#### Work order:
Produce a word-for-word copy of the data that follows, excluding images.

#### Given information:
————————
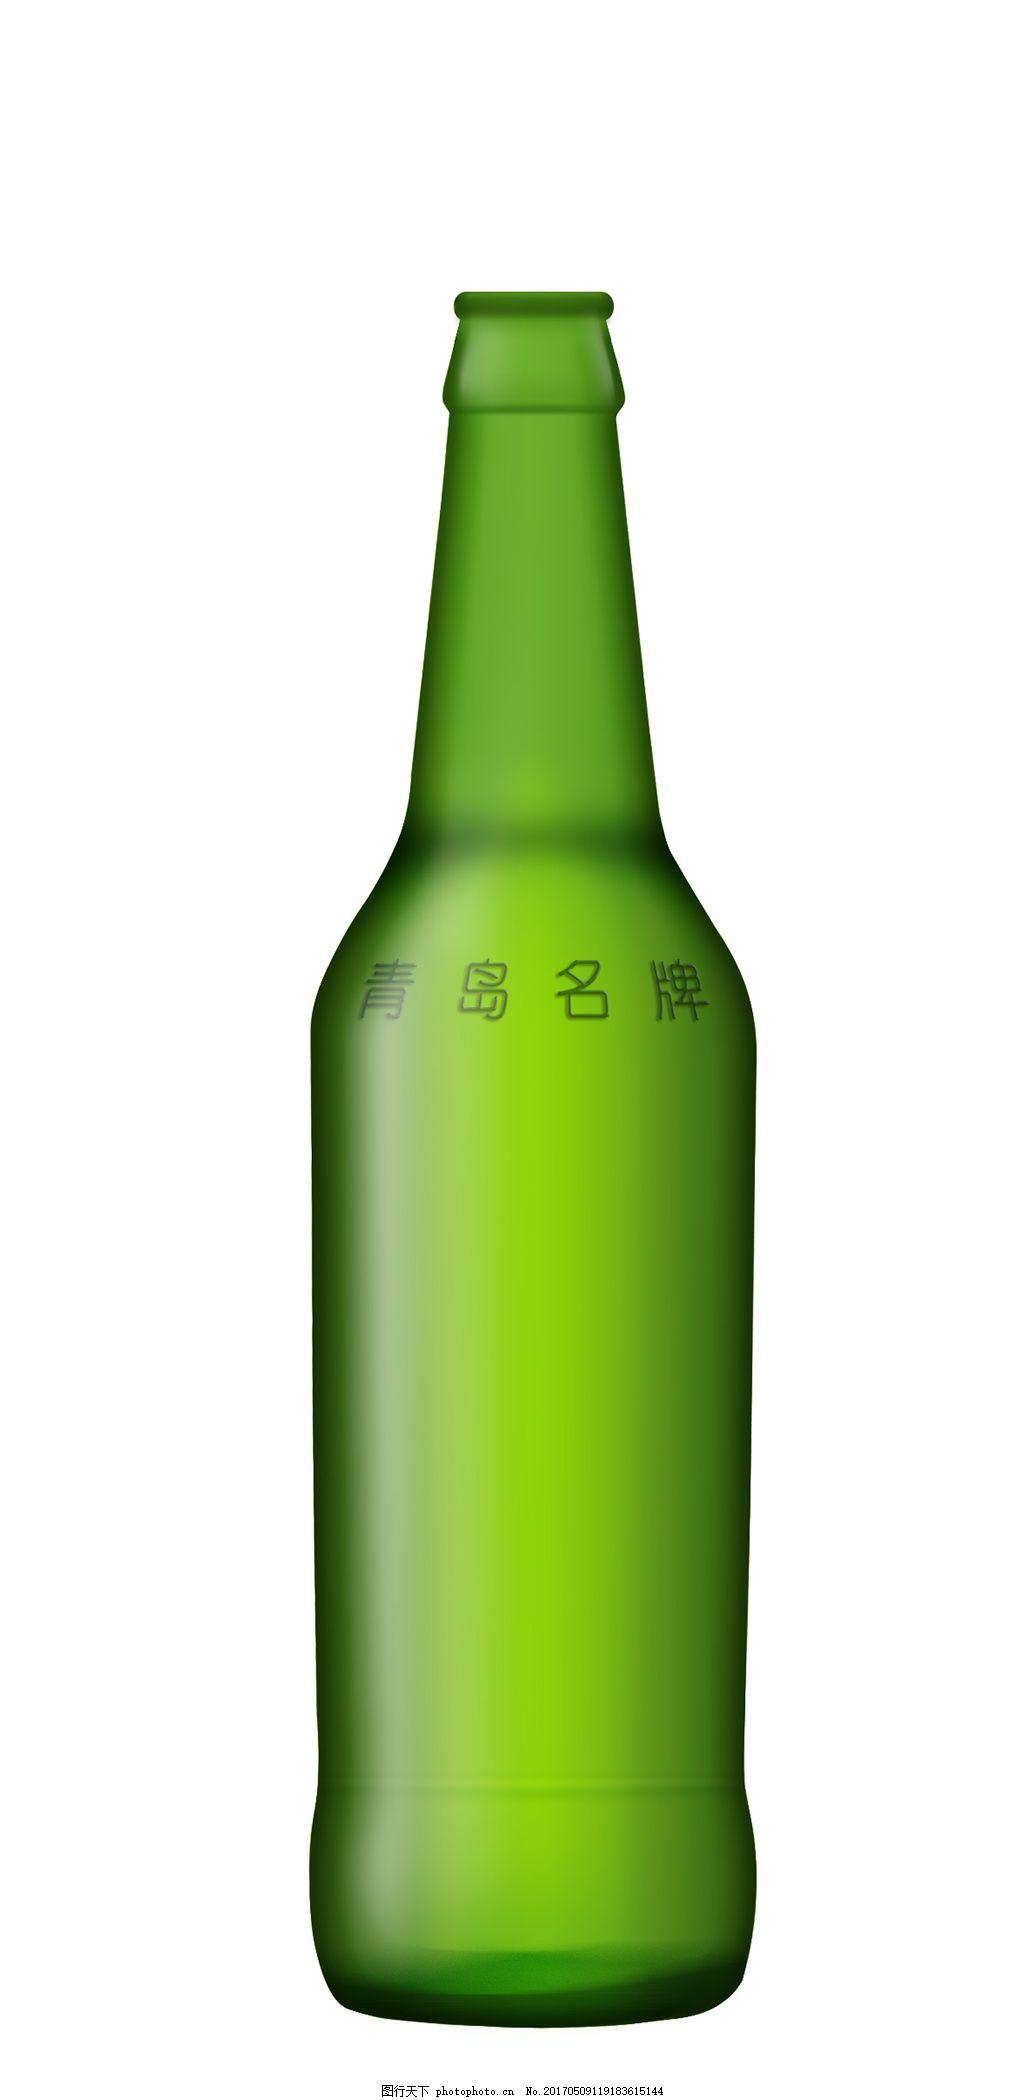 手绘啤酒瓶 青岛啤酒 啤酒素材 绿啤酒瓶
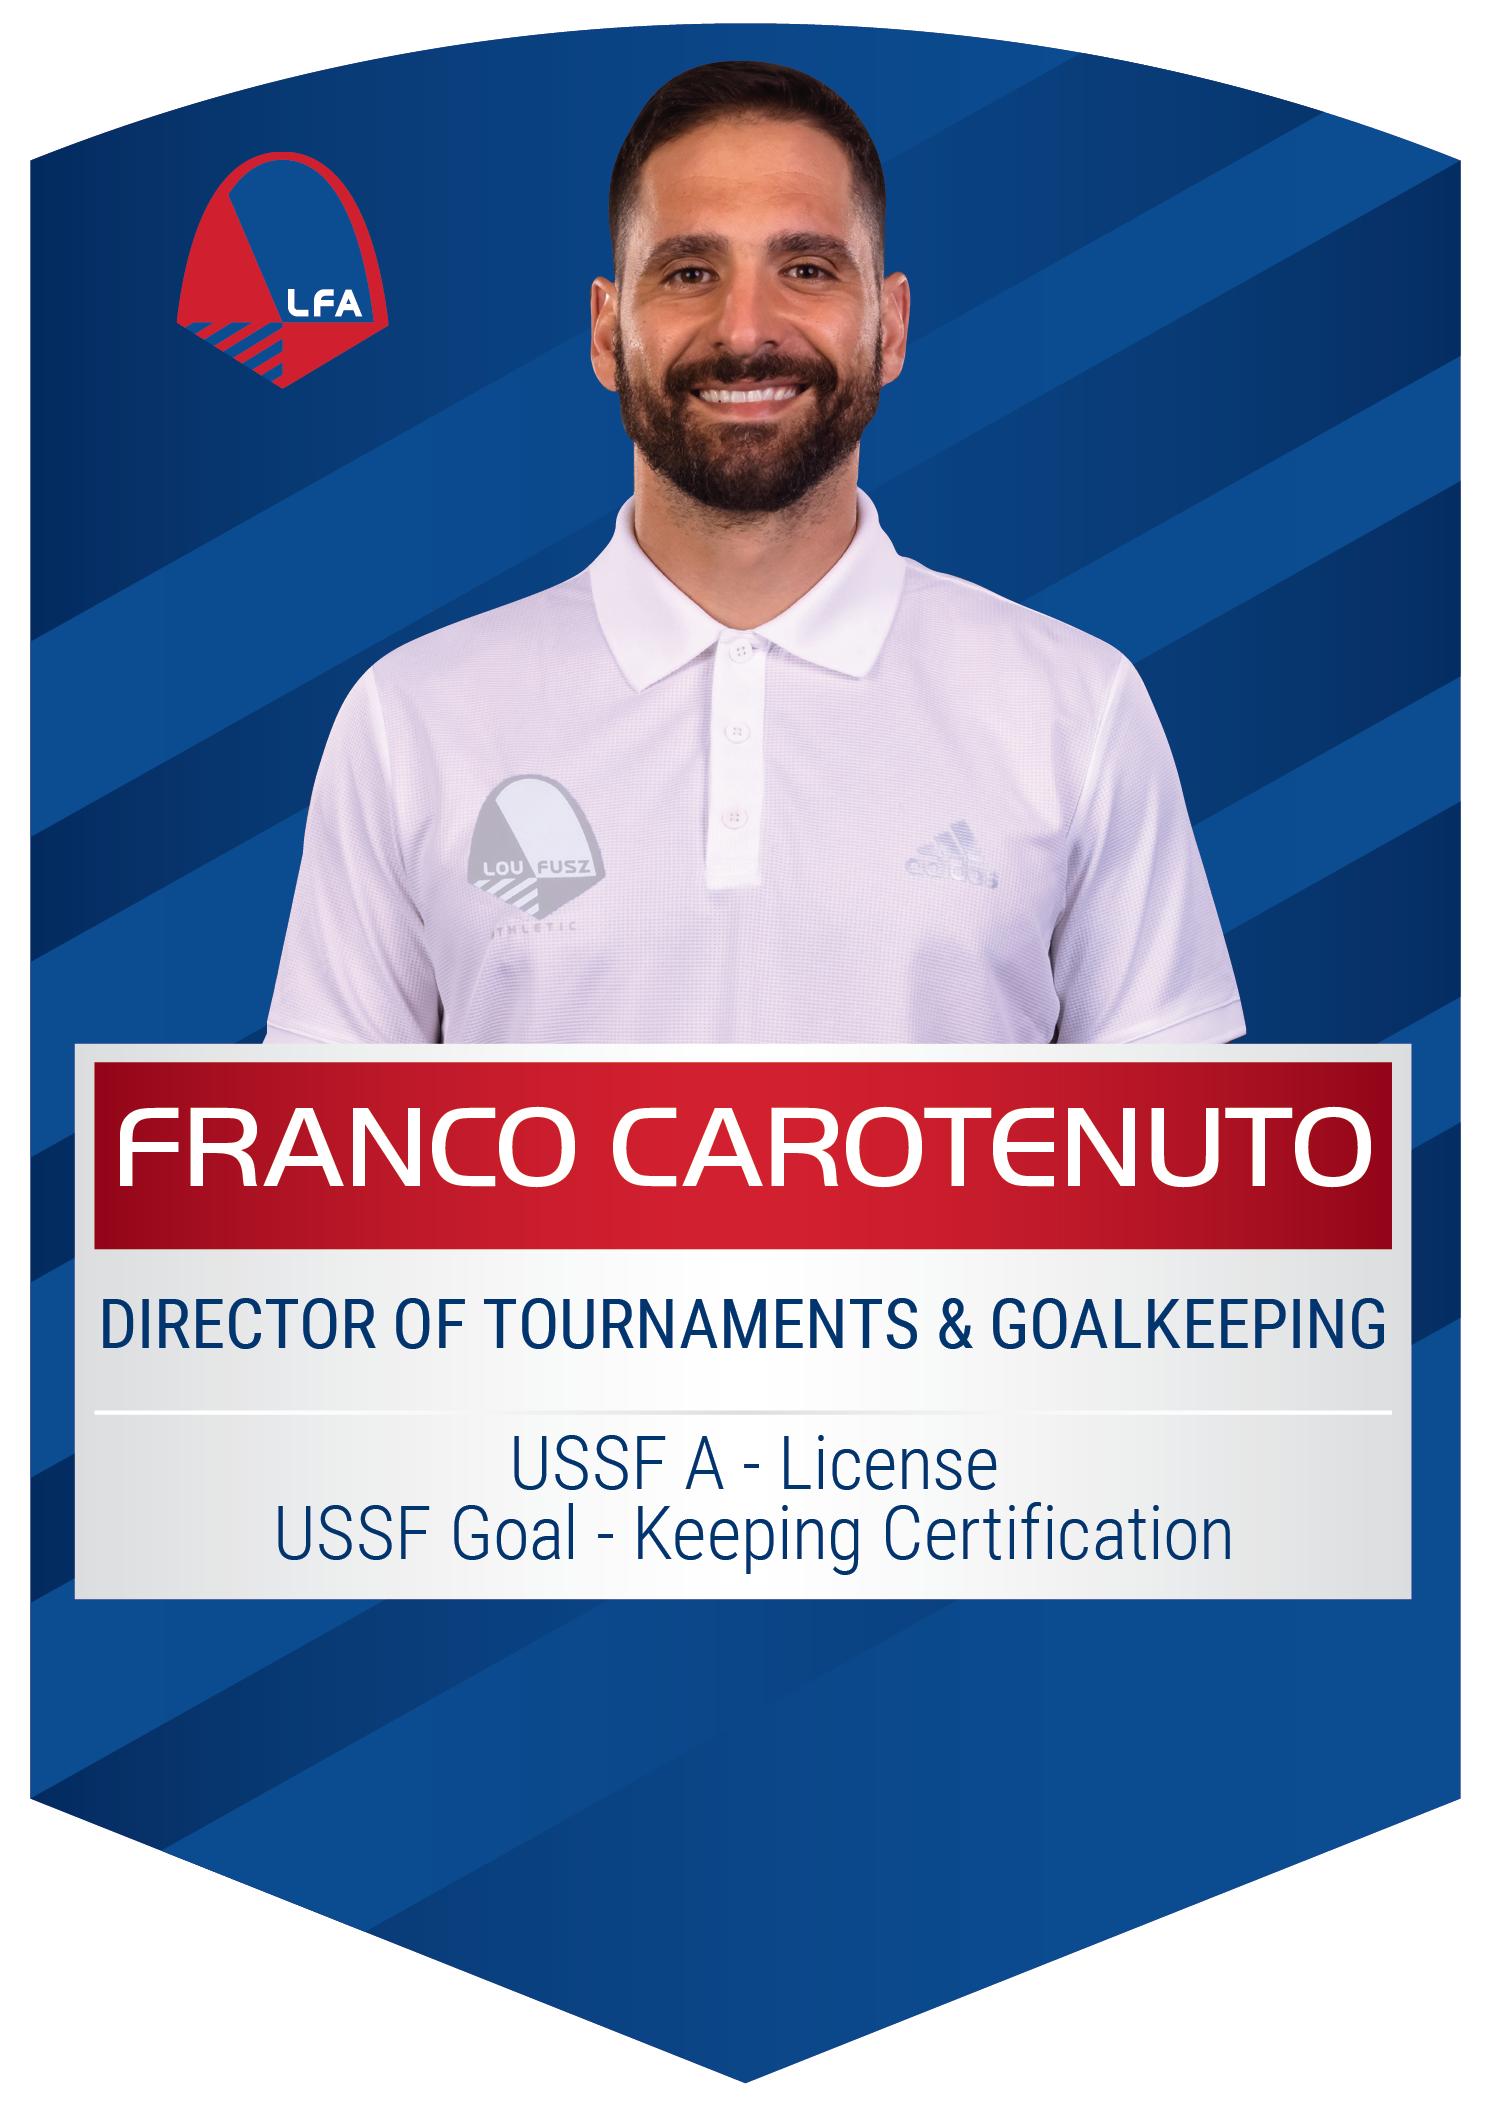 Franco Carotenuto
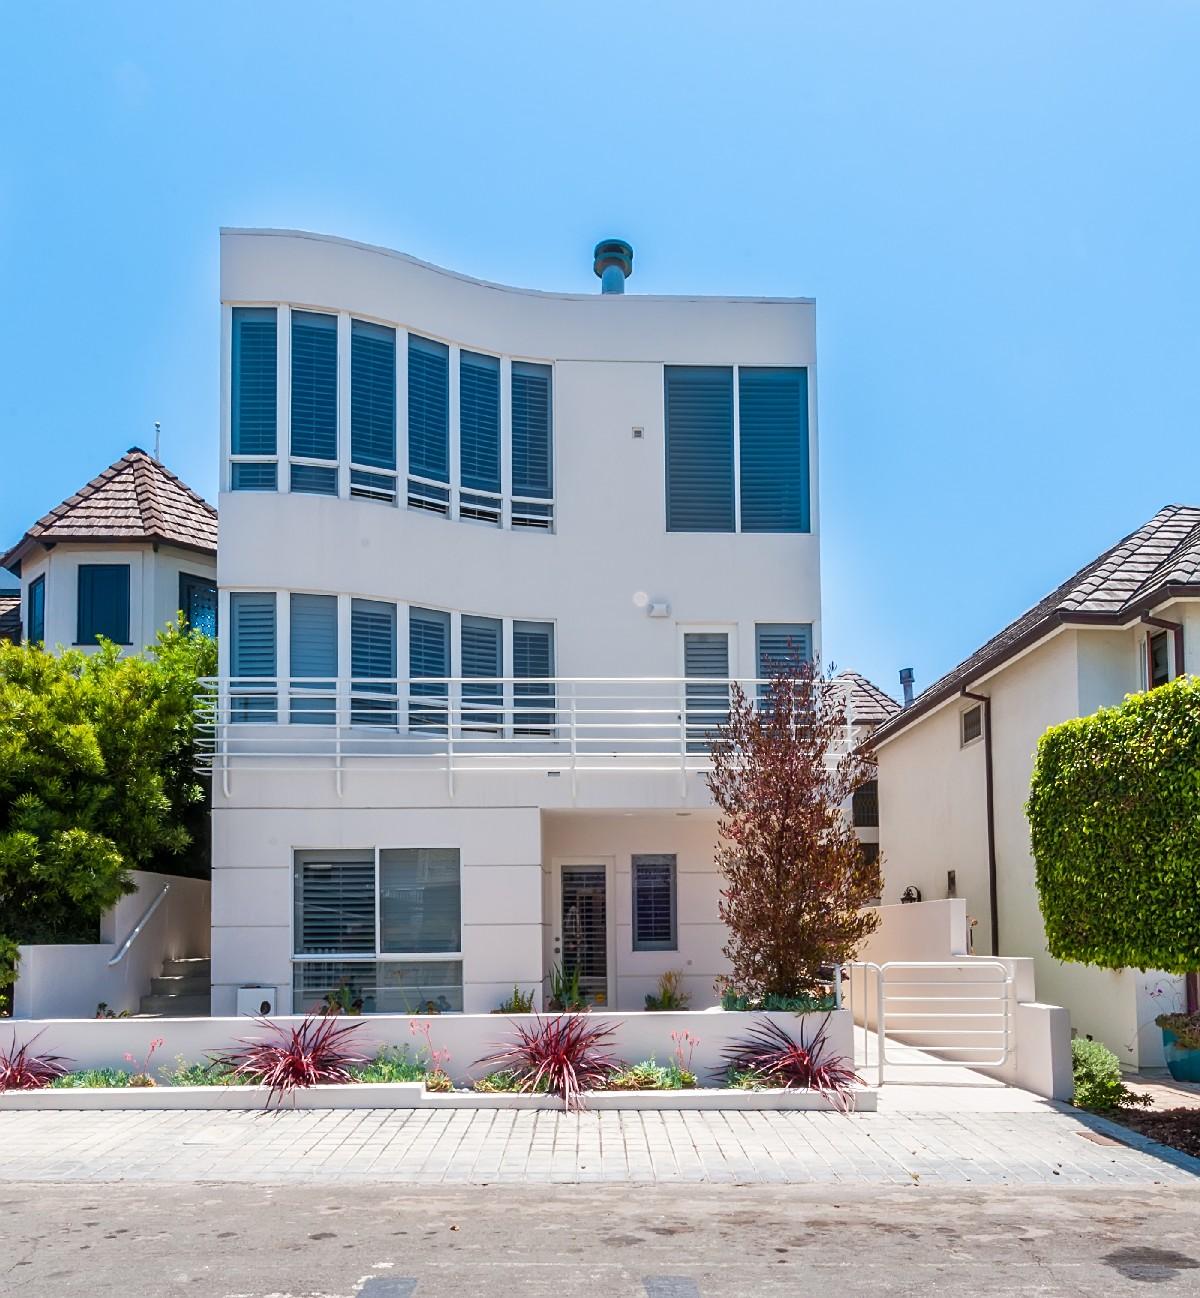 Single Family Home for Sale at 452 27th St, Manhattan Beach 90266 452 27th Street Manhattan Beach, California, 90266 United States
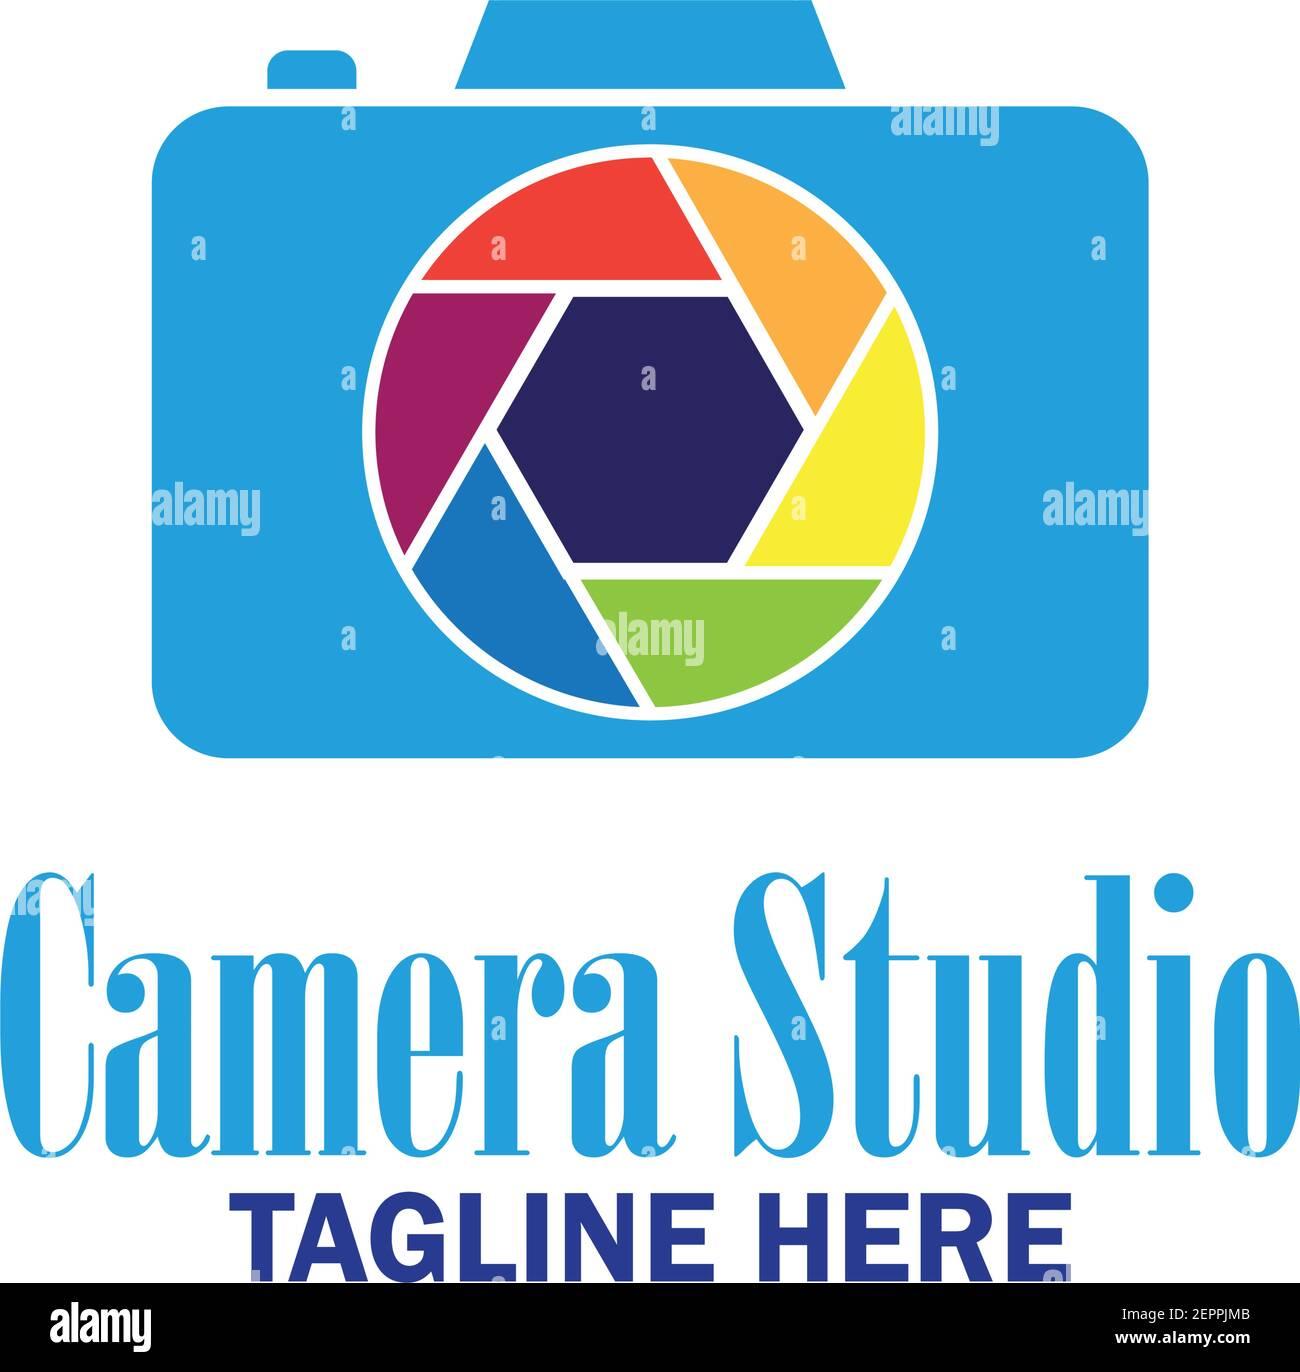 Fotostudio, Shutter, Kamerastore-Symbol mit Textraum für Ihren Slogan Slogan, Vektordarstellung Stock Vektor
————————
#### Solution to this exercise:
 手绘啤酒瓶 青岛啤酒 啤酒素材 绿啤酒瓶
 Franco Carotenuto
 Single Family Home for Sale at 452 27th St, Manhattan Beach 90266 452 27th Street Manhattan Beach, California, 90266 United States
 Fotostudio, Shutter, Kamerastore-Symbol mit Textraum für Ihren Slogan Slogan, Vektordarstellung Stock Vektor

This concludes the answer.